Wednesday, 09 July 2025

Companies Release Security Advisories in Response to New OpenSSL Vulnerabilities

Companies that use OpenSSL in their products have started releasing security advisories to inform customers about the impact of two recently patched vulnerabilities.

Updates announced by the OpenSSL Project on August 24 patched CVE-2021-3711, a high-severity buffer overflow, and CVE-2021-3712, a medium-severity flaw that can be exploited for denial-of-service (DoS) attacks, and possibly for the disclosure of private memory contents.
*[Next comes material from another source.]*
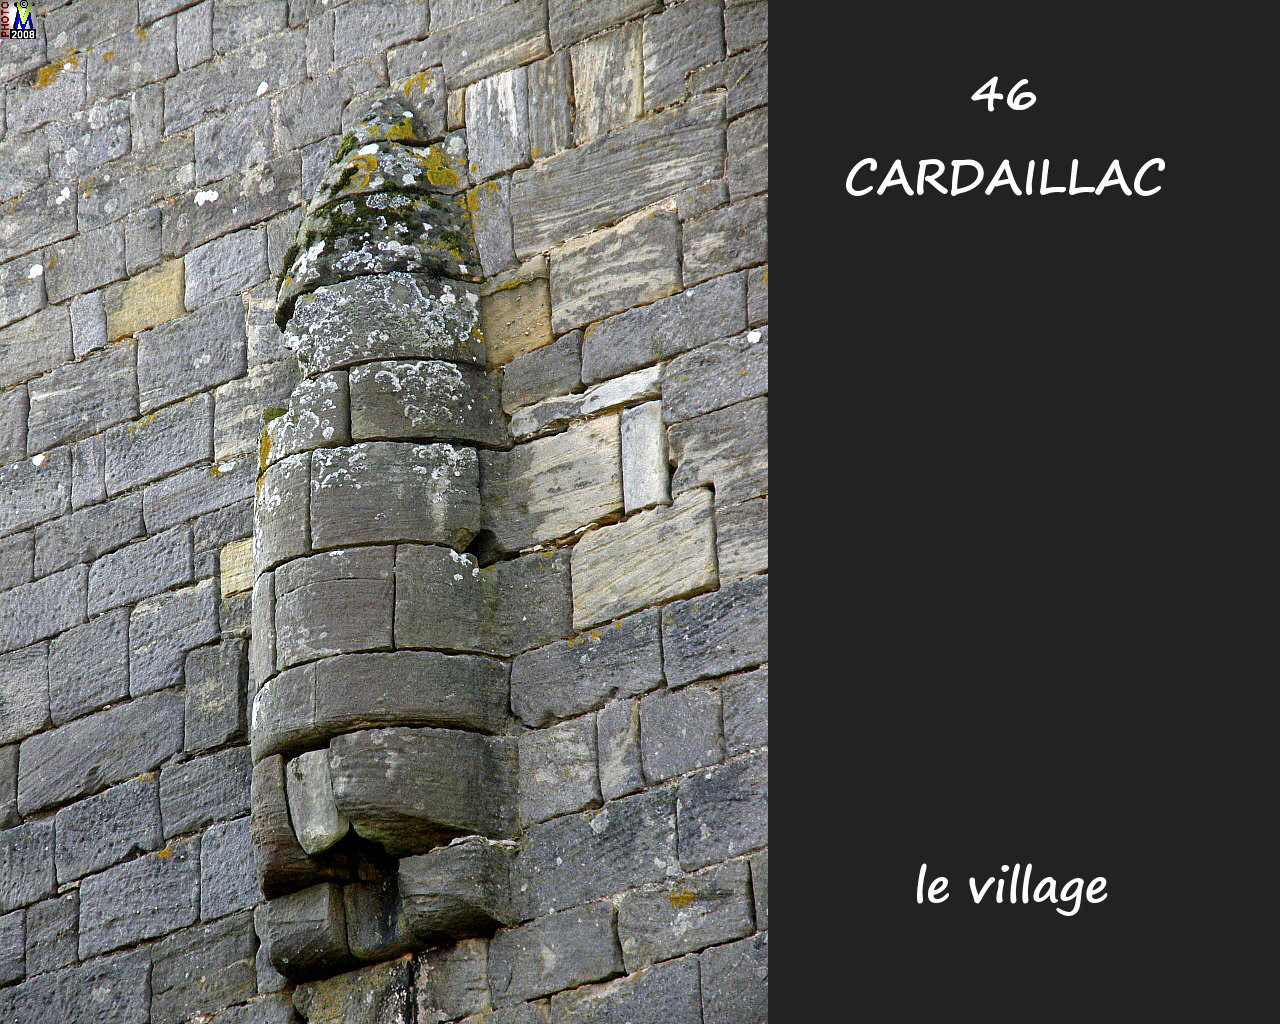 46CARDAILLAC_village_164.jpg

The high-severity vulnerability, patched with the release of OpenSSL 1.1.1l, can allow an attacker to change an application’s behavior or cause it to crash.

Several major organizations whose products rely on OpenSSL have released security advisories, including Linux distributions such as Red Hat, Ubuntu, SUSE, Debian, and Alpine Linux.

Network-attached storage (NAS) appliance maker Synology has informed customers that the OpenSSL vulnerabilities impact its Synology DiskStation Manager (DSM), Synology Router Manager (SRM), VPN Plus Server, and VPN Server products.

The company has assigned “important” and “moderate” severity ratings to these vulnerabilities and says it’s working on patches.

QNAP has also released an advisory, telling customers that it’s “thoroughly investigating the case” and it “will release security updates and provide further information as soon as possible.”

Other major companies, such as Cisco and Broadcom, are also expected to release advisories describing the impact of the latest OpenSSL vulnerabilities on their products.